Against my better judgment I will try to help you again.

The issue is not how to find a blank line. The issue is not which regex to use. The fundamental issue is understanding how to analyze a problem and turn that analysis into code.

In this case the problem is "How do I parse this format?"

I've written a parser for you. I have also taken the time to write a detailed description of the process I used to write it.

WARNING: The parser is not carefully tested for all cases. It does not have enough error handling built in. For those features, you can request a rate card or write them yourself.

Here's the data sample you provided (I'm not sure which of your several questions I pulled this from):

constant fixup GemEstabCommDelay = <U2 20>
    vid = 6
    name = "ESTABLISHCOMMUNICATIONSTIMEOUT"
    units = "s"
    min = <U2 0>
    max = <U2 1800>
    default = <U2 20>


constant fixup private GemConstantFileName = <A "C:\\TMP\\CONST.LOG">
    vid = 4
    name = ""  units = ""


constant fixup private GemAlarmFileName = <A "C:\\TMP\\ALARM.LOG">
    vid = 0
    name = ""
    units = ""  

Before you can write a parser for a data file, you need to have a description the structure of the file. If you are using a standard format (say XML) you can read the existing specification.
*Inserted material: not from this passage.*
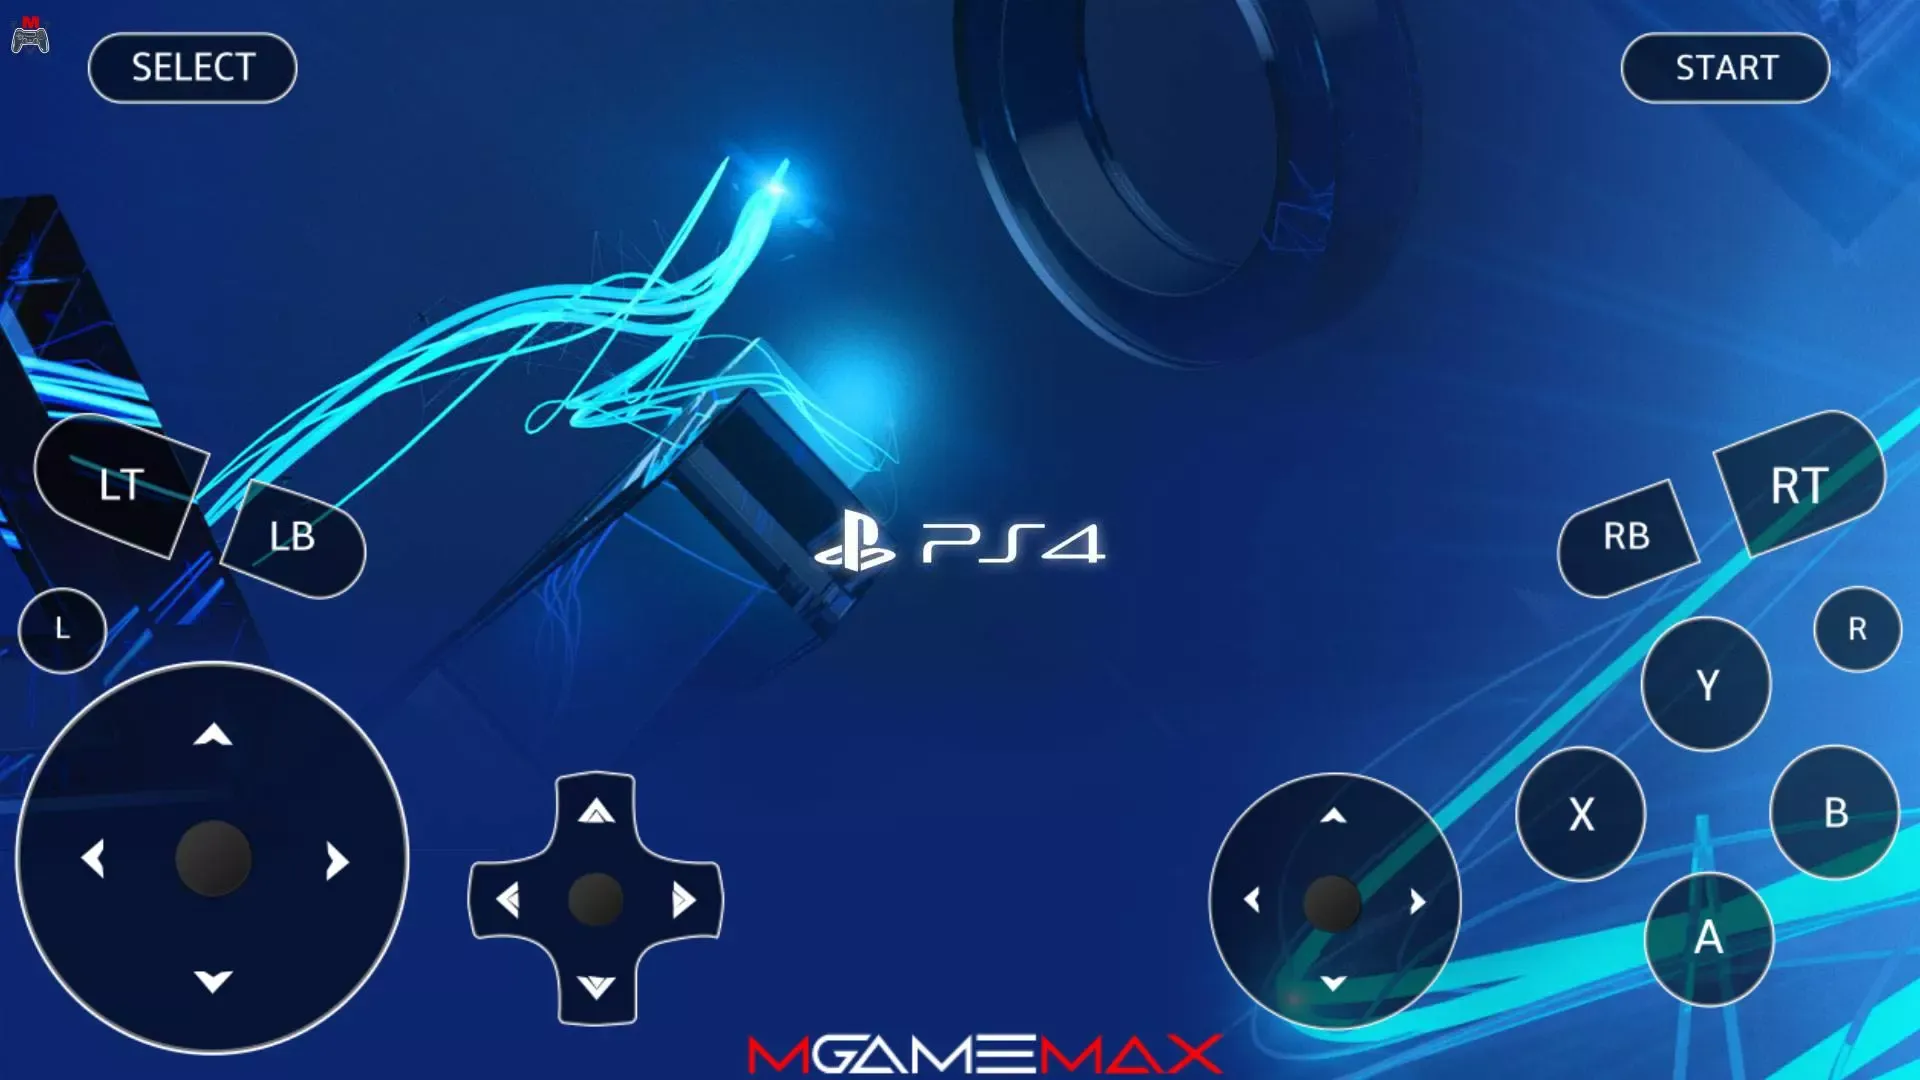 [42MB] DOWNLOAD 5G PS4 EMULATOR FOR ANDROID FOR FREE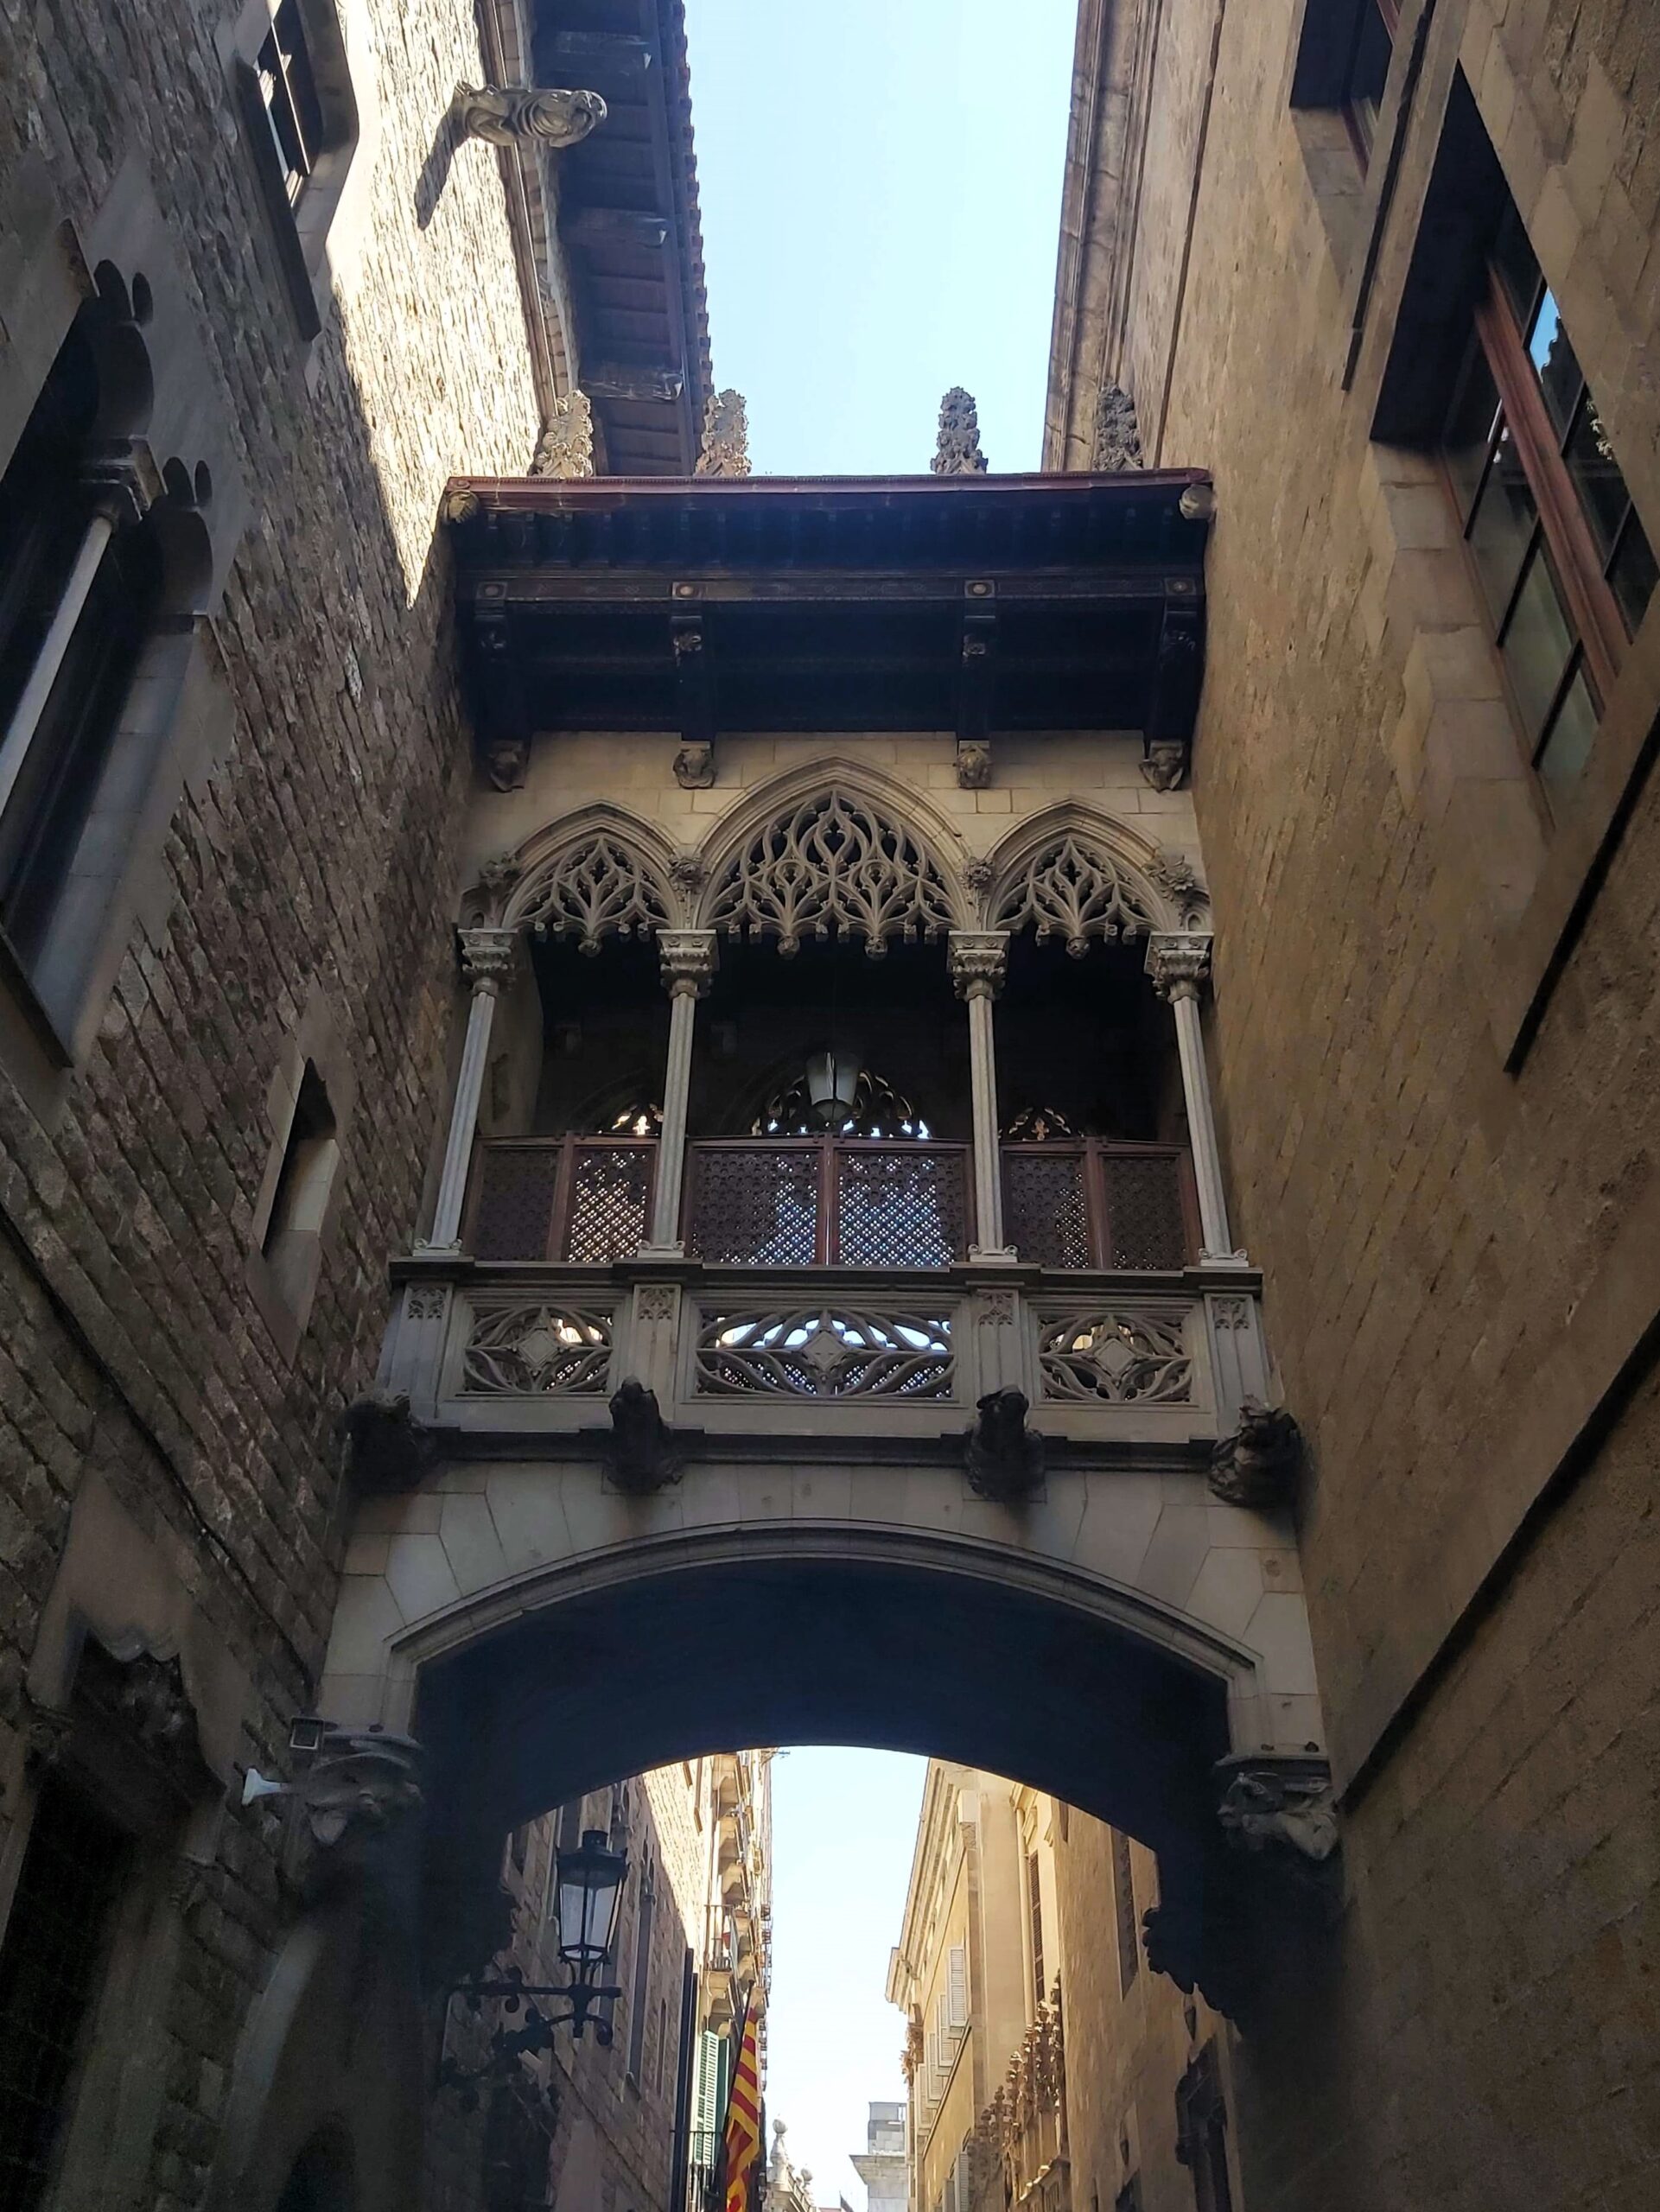 An old passage way joining two buildings in Barcelona, Spain

If you are using some home-grown format, you get to write it yourself.

So, based on the sample data, we can see that:

  1. data is broken into blocks.
  2. each block starts with the word constant in column 0.
  3. each block ends with a blank line.
  4. a block consists of a start line, and zero or more additional lines.
  5. The start line consists of the keyword constant followed by one or more whitespace delimited words, an '=' sign and an <> quoted data value.
    • The last keyword appears to be the name of the constant. Call it constant_name
    • The <>-quoted data appears to be a combined type/value specifier.
    • earlier keywords appear to specify additional metadata about the constant. Let's call those options.
  6. The additional lines specify additional key value pairs. Let's call them attributes. Attributes may have a single value or they may have a type/value specifier.
  7. One or more attributes may appear in a single line.

Okay, so now we have a rough spec. What do we do with it?

How is the format structured? Consider the logical units of organization from largest to smallest. These will determine the structure and flow of our code.

  • A FILE is made of BLOCKS.
  • BLOCKS are made of LINES.

So our parser should decompose a file into blocks, and then handle the blocks.

Now we rough out a parser in comments:

# Parse a constant spec file.

# Until file is done:
    # Read in a whole block
    # Parse the block and return key/value pairs for a hash.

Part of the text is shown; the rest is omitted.